While those in FE and skills wait with bated breath to find out how new Education Secretary Nicky Morgan and Skills Minister Nick Boles view the sector, Alastair Thomson considers what can be expected of the Tory duo.

Although the removal of Michael Gove as Education Secretary dominated much of the reshuffle coverage, a look behind the immediate reactions suggests that very little may have changed in government policy.

Of course, Mr Gove would have preferred to stay in post, but his position had become untenable both as a result of his own urgency to drive through reform regardless of obstacles and the needlessly confrontational briefings of his former special adviser, Dominic Cummings.

True to form, Mr Cummings engaged immediately in a public spat with former MP Louise Mensch after she tweeted “This is your fault” to him.

In fact, Mr Gove’s education legacy (including influence over colleges, apprenticeships and universities) may be little changed for at least three reasons.

Firstly there is his new role as Chief Whip, placing him on key cabinet committees, with the ear of the prime minister and very well-positioned to influence the Tory succession in the event of a defeat in the election.

Secondly, the Labour party has been rather coy about exactly which of Mr Gove’s reforms it would roll back.

The third reason is that the new Education Secretary, Loughborough MP Nicky Morgan, is surrounded by Goveite juniors.

Chief among these is Nick Boles, the new Skills Minister (and MP for Grantham and Stamford) who is a member of both the Department for Education (DfE) and the Department for Business, Innovation and Skills (BIS) ministerial teams.

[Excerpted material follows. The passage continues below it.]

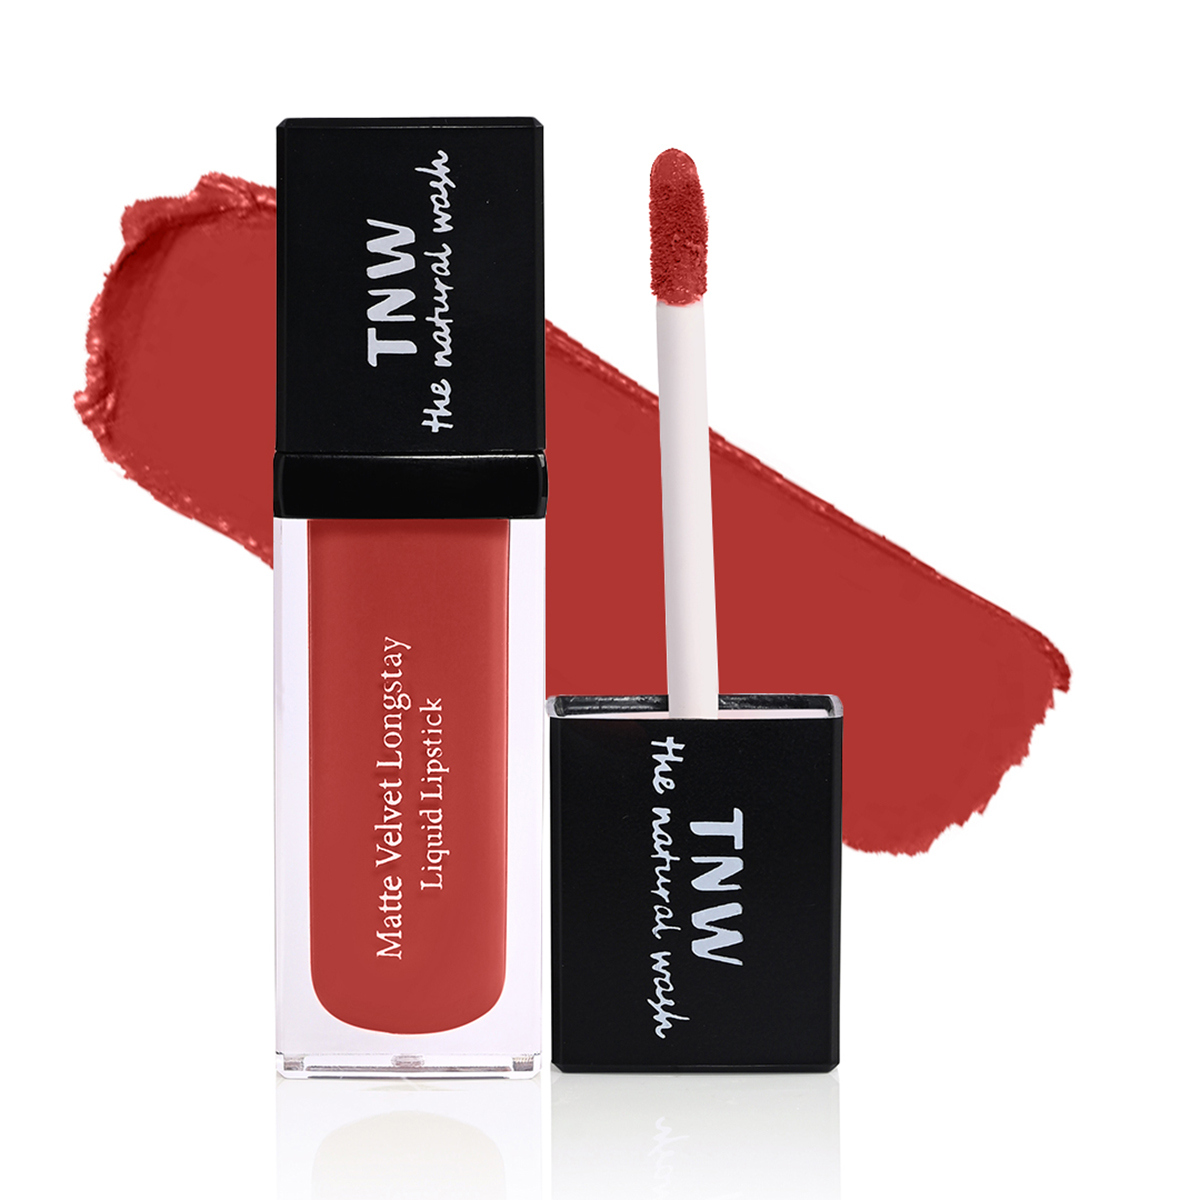 TNW - The Natural Wash Matte Velvet Longstay Liquid Lipstick, 02 - Spicy Coral - Coral Nude, 5ml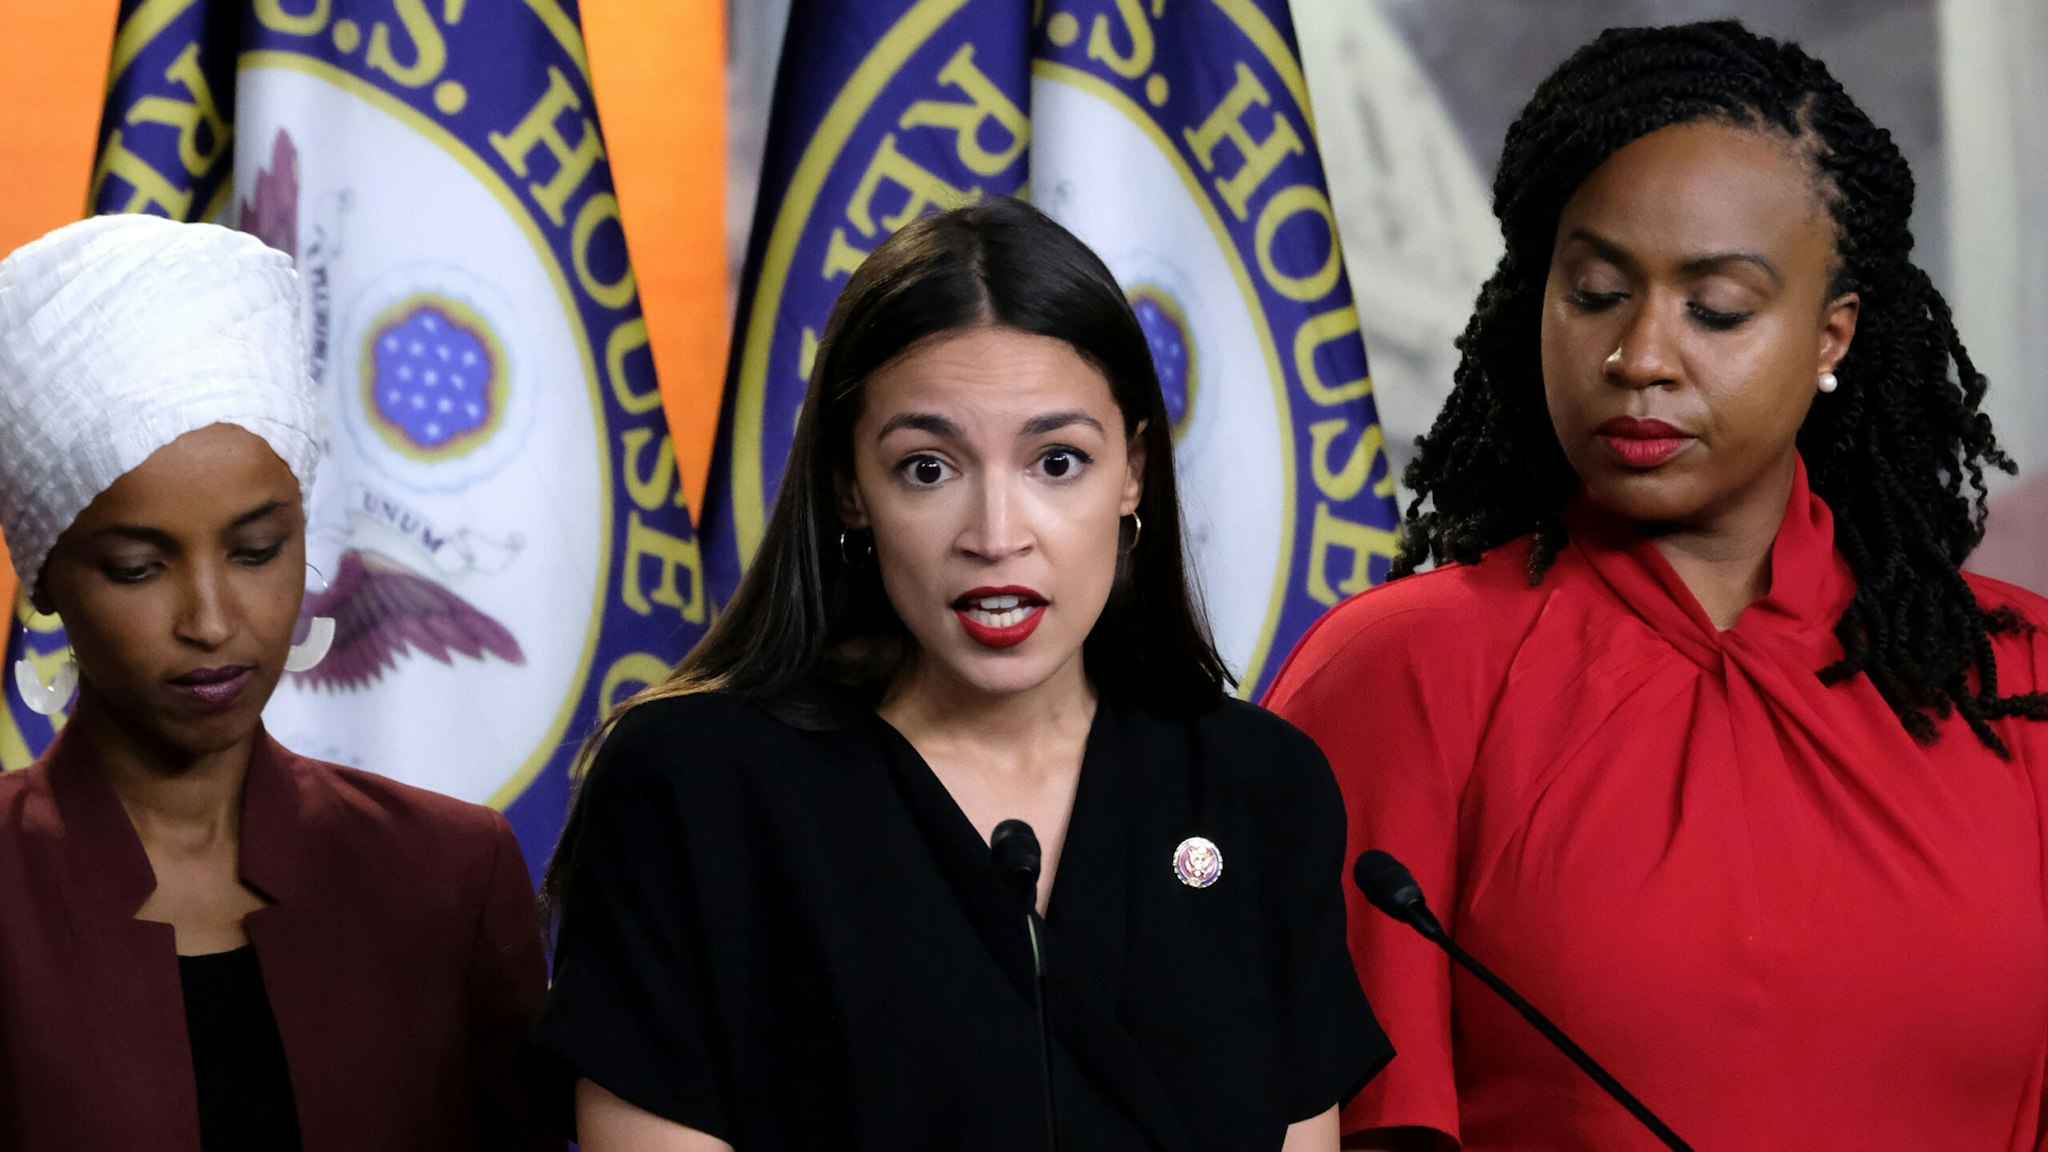 WASHINGTON, DC - JULY 15: U.S. Rep. Alexandria Ocasio-Cortez (D-NY) speaks as Reps. Ilhan Omar (D-MN) and Ayanna Pressley (D-MA) listen during a news conference at the U.S. Capitol on July 15, 2019 in Washington, DC. President Donald Trump stepped up his attacks on the four progressive Democratic congresswomen, saying that if they're not happy in the U.S. "they can leave."

He goes back a long way with Mr Gove. Whether or not the two flat-shared many years ago as one website claims, their shared work in establishing the right of centre think-tank Policy Exchange is public knowledge.

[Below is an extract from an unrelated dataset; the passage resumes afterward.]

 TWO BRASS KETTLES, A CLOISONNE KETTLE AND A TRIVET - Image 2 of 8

Back in 2002, Mr Boles was the founding director and Mr Gove the founding chair of what has become this parliament’s dominant thinktank.

A further piece of history to note is that the first government job held by Mr Boles, in 2010, was as the unpaid Parliamentary Private Secretary (PPS) to Nick Gibb, who, in a reward for conspicuous loyalty to the government in general and Mr Gove in particular, returns to the same department (DfE) from which he was sacked in 2012 but who now finds his bag-carrier is now his equal as minister of state.

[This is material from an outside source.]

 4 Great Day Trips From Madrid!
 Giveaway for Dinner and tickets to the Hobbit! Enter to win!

Another reason why Ms Morgan may be dissuaded from dismantling anything substantive of her predecessor’s legacy is Lord Nash, the former venture capitalist and Conservative party donor, who continues in the unpaid ministerial post to which he was appointed while remaining an academy chain sponsor and enthusiast for reform.

The boss of all three men, Mrs Morgan has most recently been a junior minister at the Treasury, working under George Osborne.

Before this though, her first role in government was as the PPS to none other than the former Universities Minister David Willetts, who, despite the divisive introduction of £9,000 tuition fees and a budget-busting expansion of private higher education, enjoyed the respect of universities and a very close working relationship with Business Secretary Vince Cable.

A final reason why the education and training direction of the current government remains secure is that, at this point in a parliament, there is actually very little opportunity for Mrs Morgan, let alone Mr Boles to introduce or change much before next year’s election while, over at BIS, Dr Cable remains weakened by the after effects of the Post Office privatisation.

Rather astutely, the reshuffle gives the newcomers a chance to master the detail of their briefs and to connect with the electorate before next May without having to take major pieces of legislation through parliament. Meanwhile, the Prime Minister and those of his colleagues who are almost off the media radar like Francis Maude, Oliver Letwin — and now Michael Gove — to start finalising the next Conservative manifesto.

In a further move which confirms that Westminster is indeed a village, former Skills Minister John Hayes is moving from the Cabinet Office to the Department for Transport where he will be met across the despatch box by none other than his former FE shadow, Gordon Marsden.